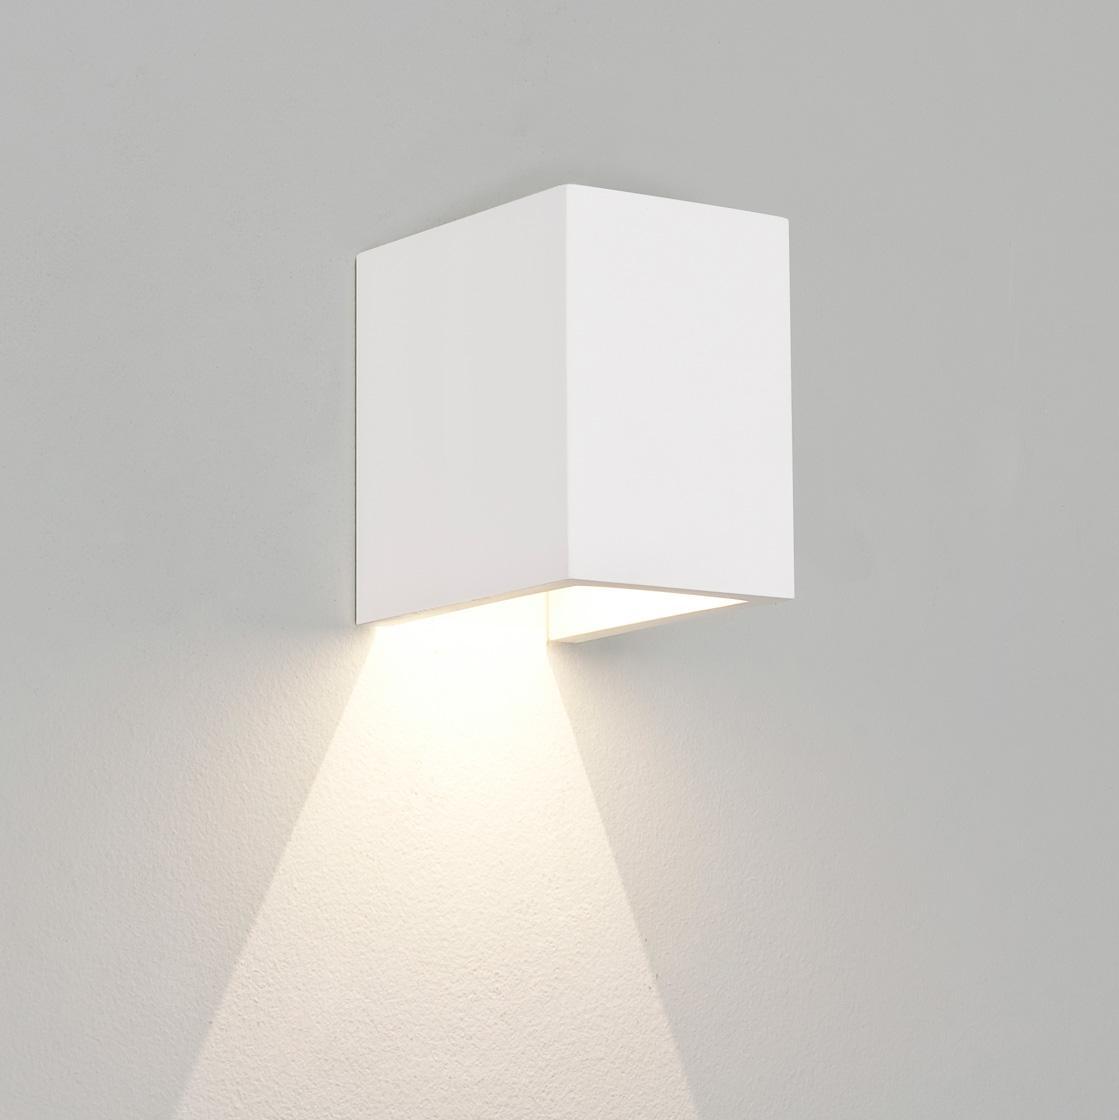 PARMA 100 LED applique in gesso
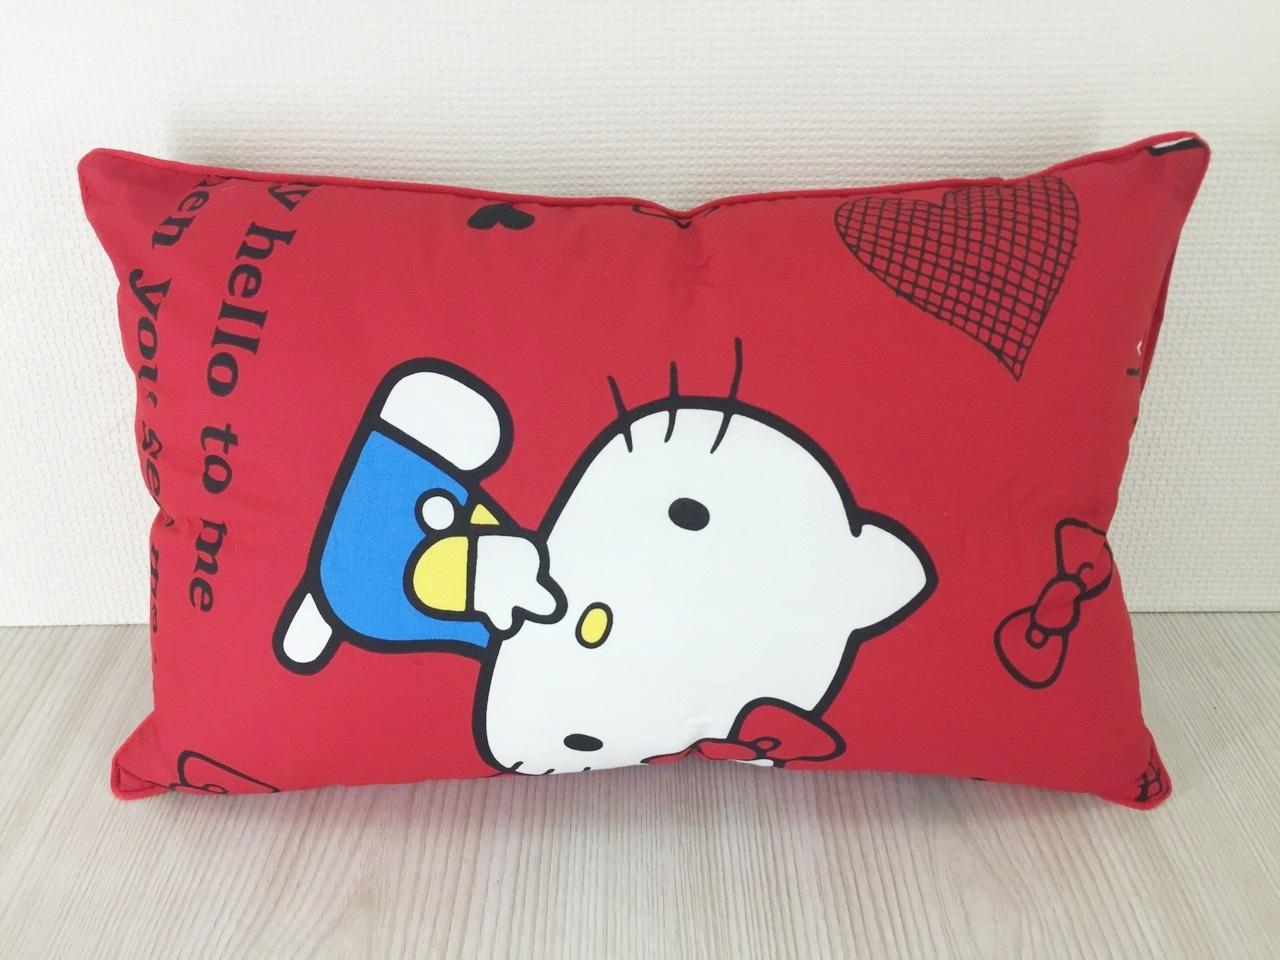 【真愛日本】15120200032童枕45*33-我是HELLO KITTY紅  三麗鷗 Hello Kitty 凱蒂貓  枕頭 童用  靠枕
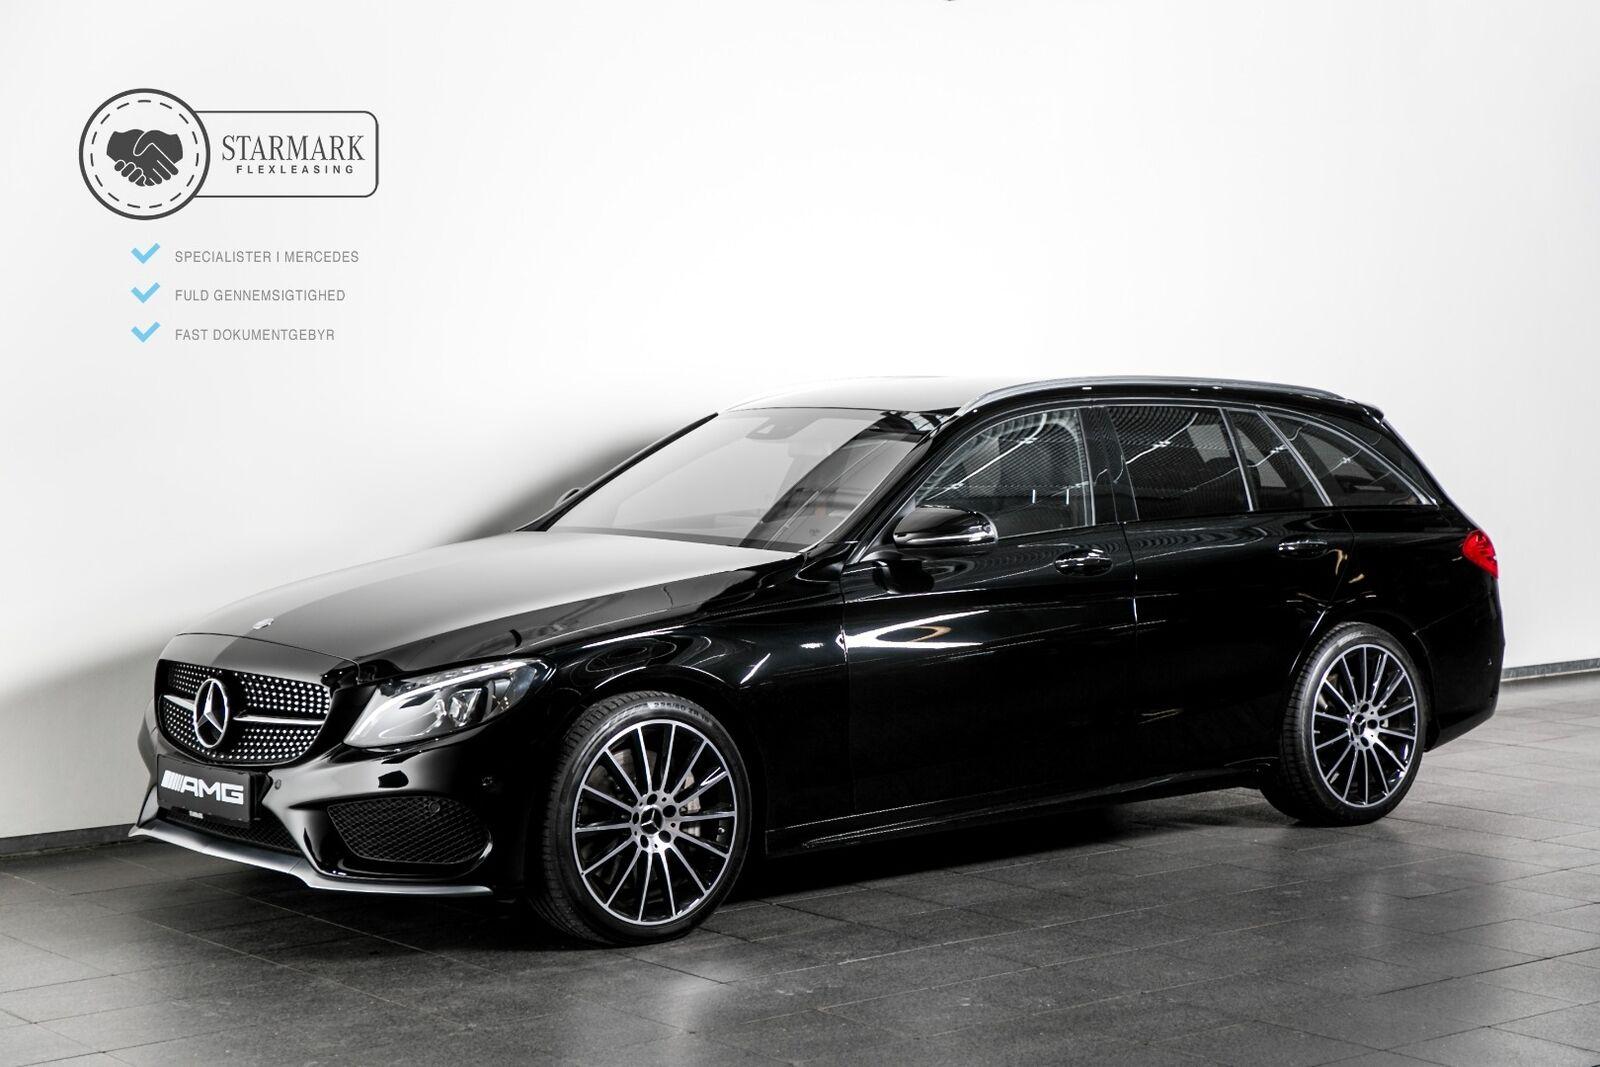 Mercedes-Benz C450 3,0 AMG stc. aut. 4-M
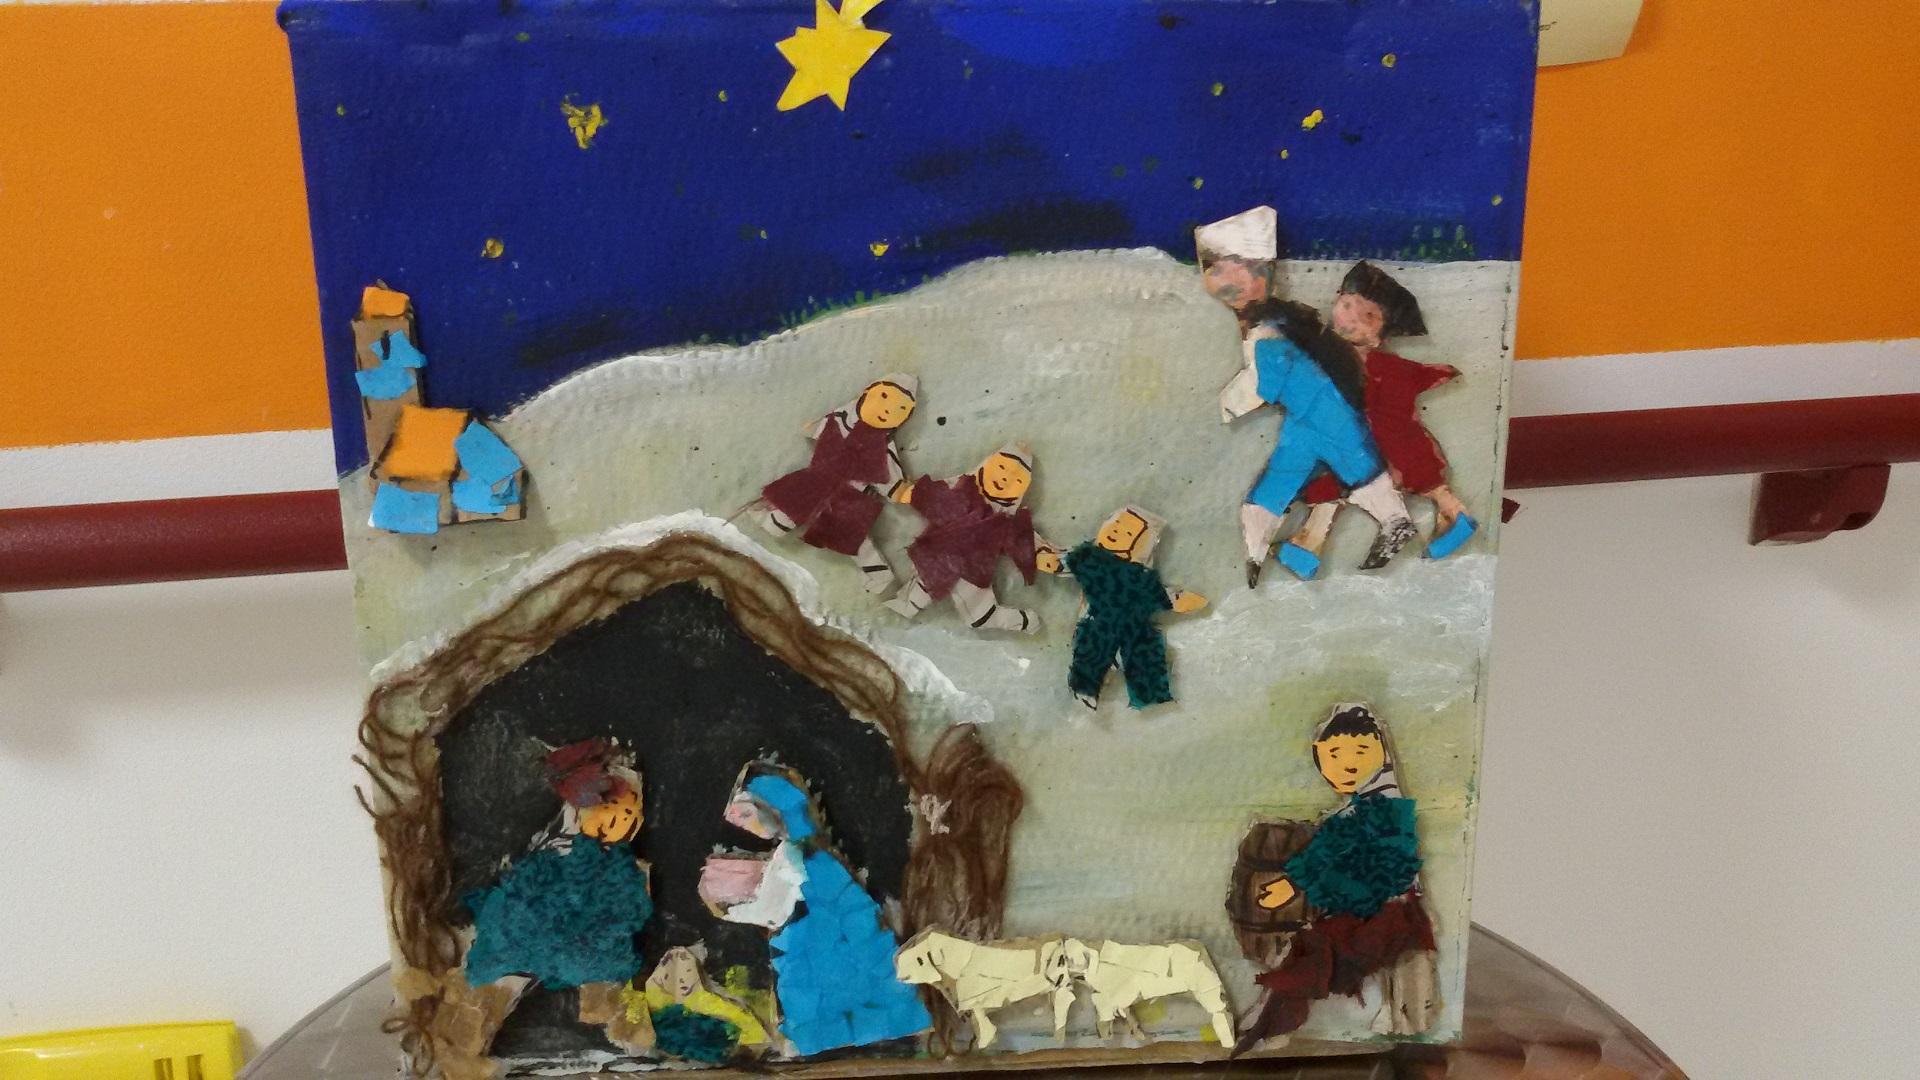 Festa di Natale Residenza Sanitaria Assistenziale Santuario - Opere Sociali Servizi Savona
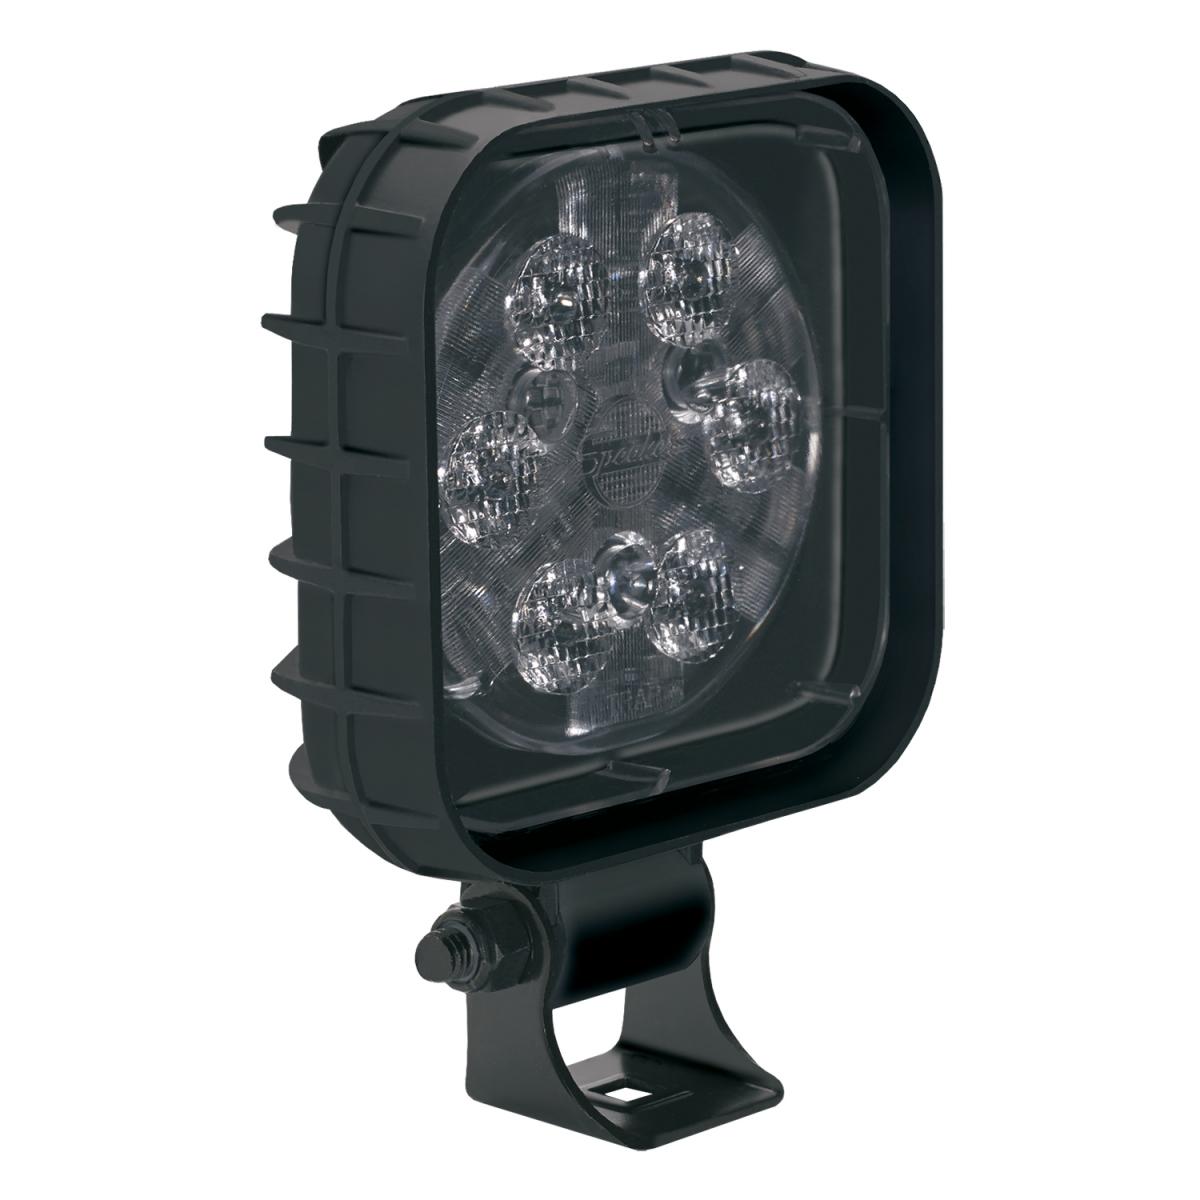 12-24V LED Work Light - Trapezoid Beam
◇ ◇ ◇ ◇ ◇ ◇ ◇
■ Aim of the task ■
Quote each record exactly as it stands, minus the pictures.

■ Completed exercise ■
 PARMA 100 LED applique in gesso
 【真愛日本】15120200032童枕45*33-我是HELLO KITTY紅  三麗鷗 Hello Kitty 凱蒂貓  枕頭 童用  靠枕
 Mercedes-Benz C450 3,0 AMG stc. aut. 4-M
 Festa di Natale Residenza Sanitaria Assistenziale Santuario - Opere Sociali Servizi Savona
 12-24V LED Work Light - Trapezoid Beam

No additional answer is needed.